Ilmu psikologi yang berwawasan Barat itu sendiri telah diperkenalkan di tanah air jauh sebelum kemerdekaan Indonesia, yaitu setelah Politik Etis dicanangkan. Pada tahun 1901 Ratu Belanda Wilhelmina meluncurkan kebijakan Politik Etis atau Politik Balas Budi, dimana pemerintah kolonial Belanda mempunyai tanggung jawab moral untuk meningkatkan kesejahteraan rakyat Bumi Putera.[1] Tidak lama kemudian berkunjunglah tiga psikiater Eropa ke tanah Jawa. Yang pertama adalah Emil Kraeplin pada tahun 1904, kemudian Travaglino dan van Loon pada tahun 1929. Kisah ketiganya akan dipaparkan lebih lanjut dalam tulisan ini.

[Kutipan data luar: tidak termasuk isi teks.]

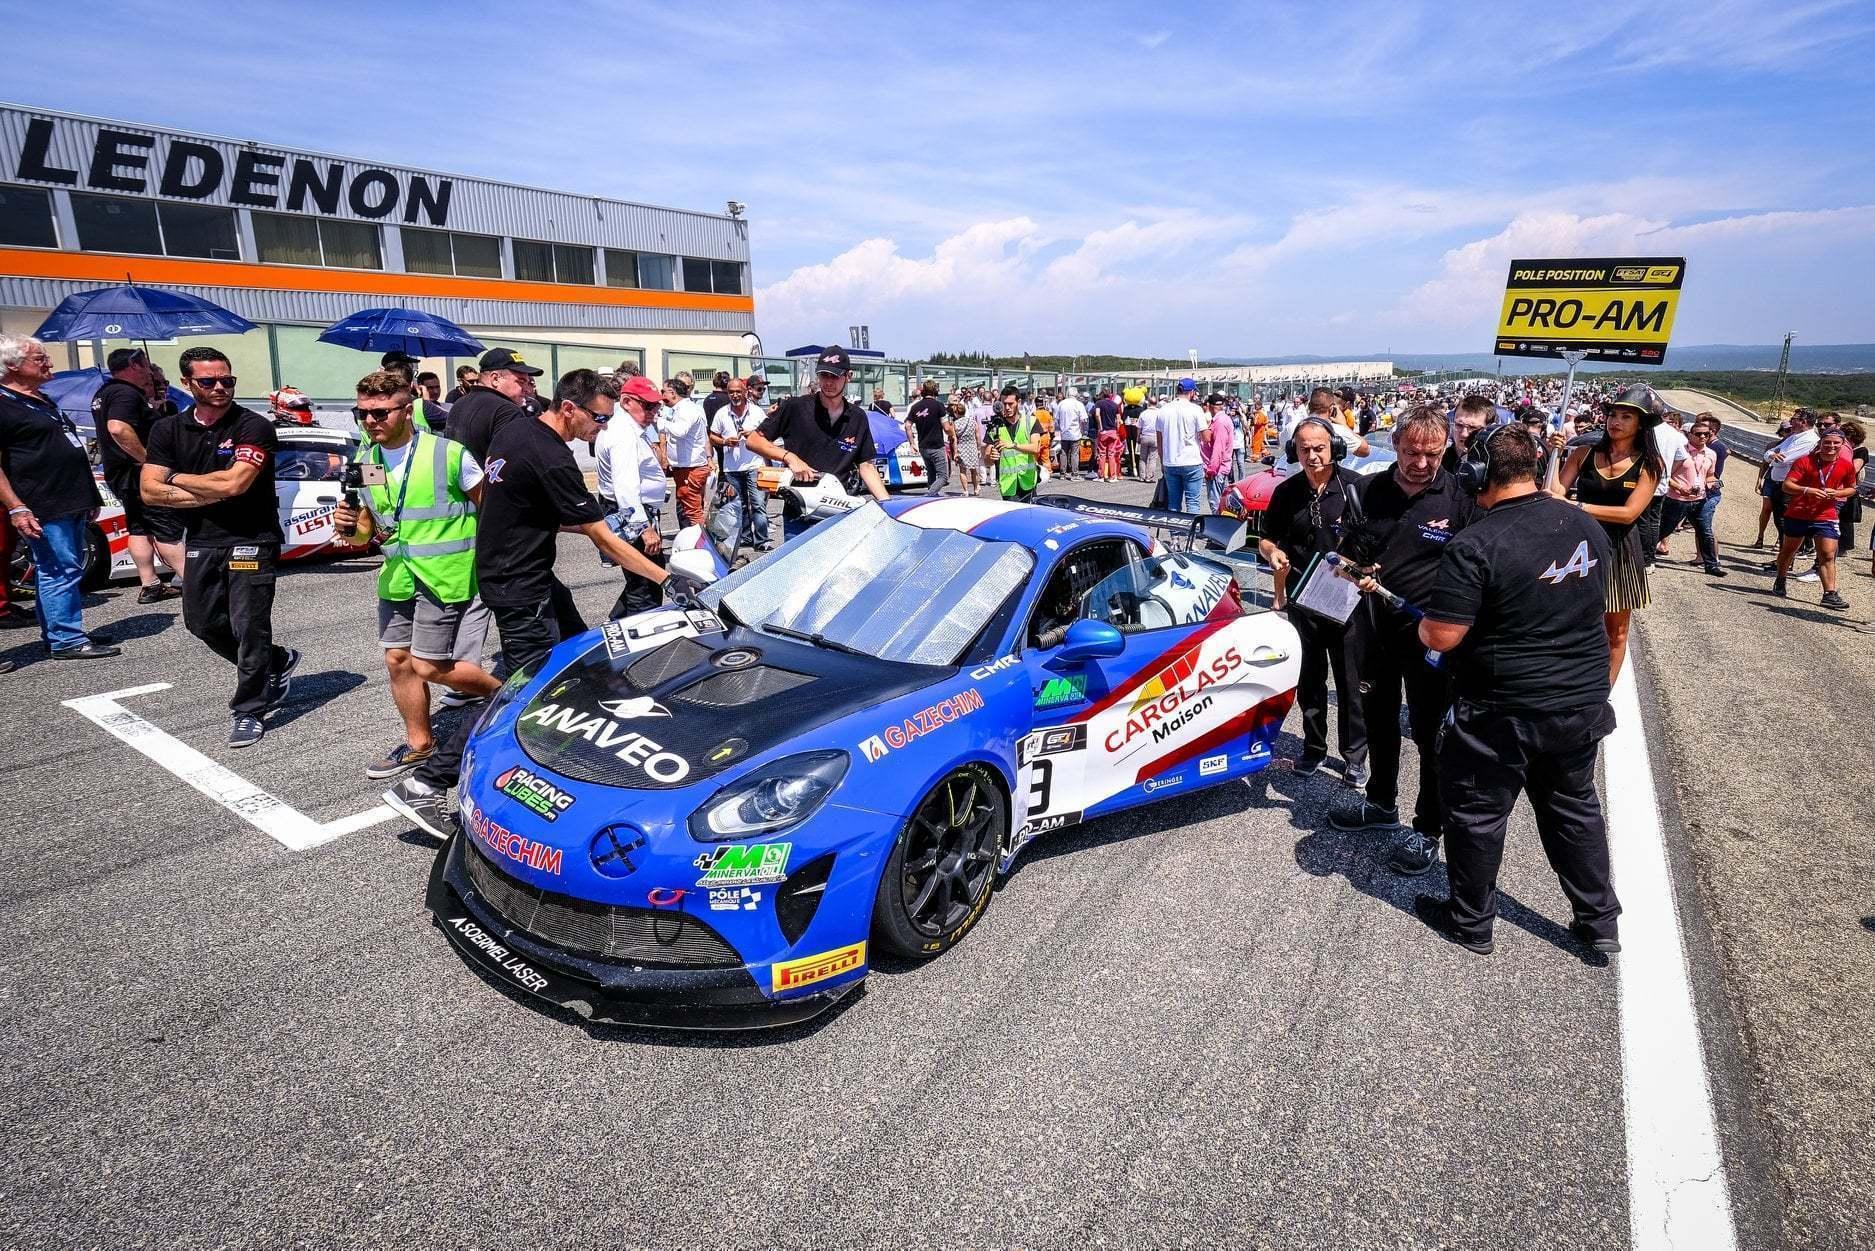 FFSA GT: CMR reprend la main Lédenon ! (Course 2) 9

Kemudian pada akhir tahun 1950an sebenarnya Indonesia mempunyai sejumlah psikolog mantan Tentara Republik Indonesia Pelajar (TRIP) lulusan Belanda dan Jerman (Dahlan dkk., 2007).[2] Sunardi D. Sarojo, salah satu lulusan Fakultas Psikologi Universitas Freiburg, Jerman, mengakui bahwa istilah psikologi telah diketahuinya di akhir tahun 1945 saat usai pertempuran mendesak tentara Eropa ke Semarang dan melihat isi sebuah rumah Belanda yang ditinggalkan penghuninya. Beliau menemukan buku psikologi berbahasa Belanda dan sangat tertarik untuk membaca isinya karena disebutkan bahwa psikologi adalah ilmu pengetahuan tentang jiwa.
Dari sini bisa ditarik asumsi bahwa ilmu psikologi dari Barat telah masuk ke Hindia Belanda di awal Abad 20 dan secara eksklusif dipelajari oleh orang-orang tertentu dan untuk tujuan tertentu pula.

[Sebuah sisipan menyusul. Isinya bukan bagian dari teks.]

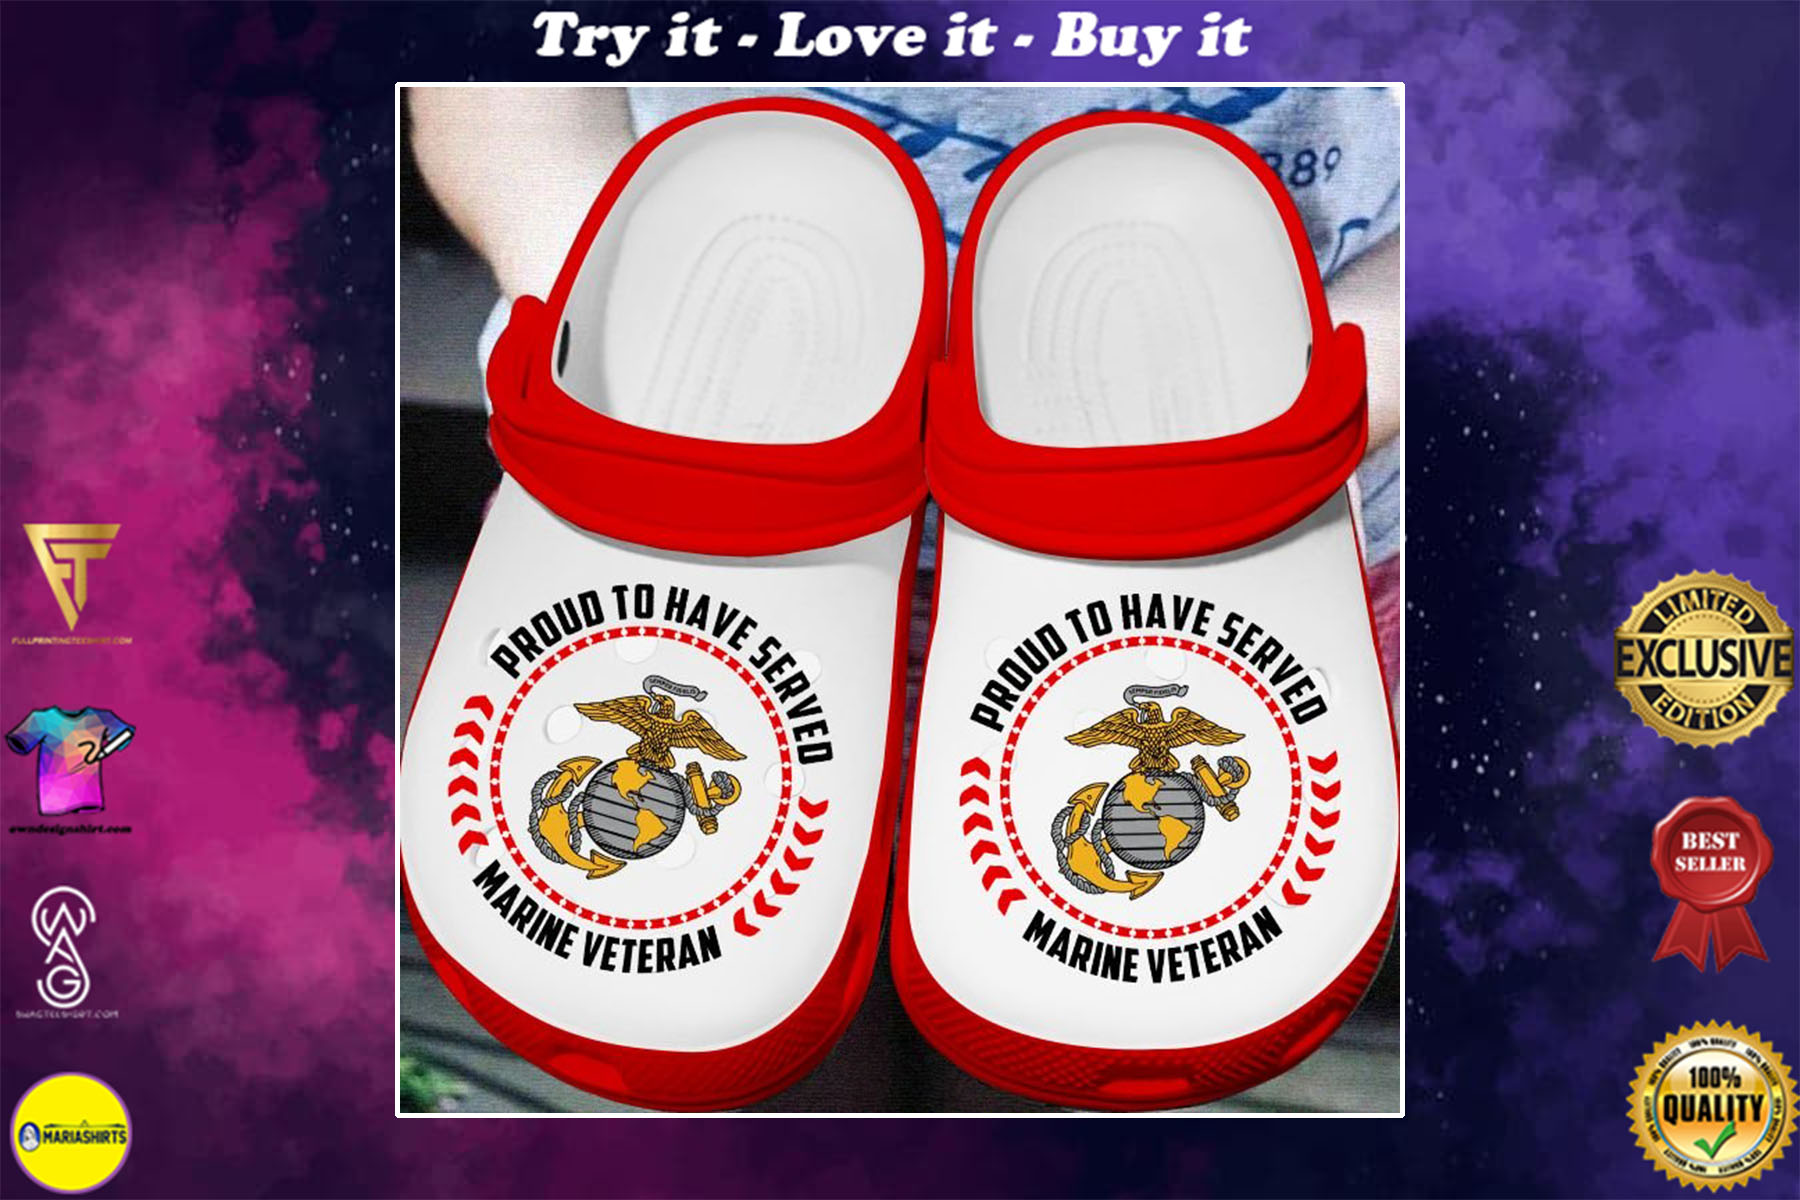 proud to have served marine veteran crocs - Copy

Pada masa kolonial sangat mungkin ilmu psikologi dianggap tidak perlu diajarkan kepada penduduk Hindia Belanda demi melestarikan kolonialisme Belanda. Prof. Dr. Sutrisno Hadi menyatakan bahwa psikologi terlambat diperkenalkan di Indonesia karena mungkin secara sengaja Belanda tidak memperkenalkannya mengingat bahwa ilmu psikologi memelajari perilaku manusia (Hadi dalam Dahlan dkk., 2007).
Hal ini sangat sesuai dengan apa yang dilakukan oleh psikiater Belanda yang mengamati budaya dan karakter pribumi Jawa di tahun 1920an yang akan dipaparkan berikut.
Namun sebelum itu ada seorang psikiater Jerman yang datang ke Jawa untuk melakukan studi banding tentang pasien gangguan jiwa di Jawa dan Jerman. Berikut adalah penjelasan singkatnya.
1. Kunjungan Emil Kraepelin ke Jawa tahun 1904
Emil Wilhelm Magnus Georg Kraepelin (1856-1926) adalah seorang psikiater Jerman yang terkenal sebagai pendiri ilmu psikiatri modern dengan textbook karyanya setebal hampir 2.500 halaman. Pada tahun1874 Kraepelin mengambil pendidikan kedokteran di Universitas Leipzig, dimana Wilhelm Wundt (1832-1920) adalah salah satu mentornya (Allik & Tammiksaar 2016).
|
Gambar 1: Penulis saat berkunjung ke Leipzig tahun 2024 (koleksi pribadi) |
Pada tahun 1904 saat Kraepelin menjadi profesor di Universitas Munich, ia melakukan perjalanan lintas benua ke tanah Jawa di Hindia Belanda untuk mengambil cuti panjang bersama kakaknya, Karl Kraepelin, seorang ahli botani. Kota Buitenzorg (Bogor) adalah tujuan utamanya menghabiskan cuti di Jawa, dan bukan Batavia yang adalah ibukota Hindia Belanda waktu itu. Di kota sejuk inilah kedua kakak beradik bisa menambah pengetahuan sesuai minatnya masing-masing. Buitenzorg mempunyai kebun raya yang sangat terkenal yang memiliki pusat penelitian botani (Pols 2011).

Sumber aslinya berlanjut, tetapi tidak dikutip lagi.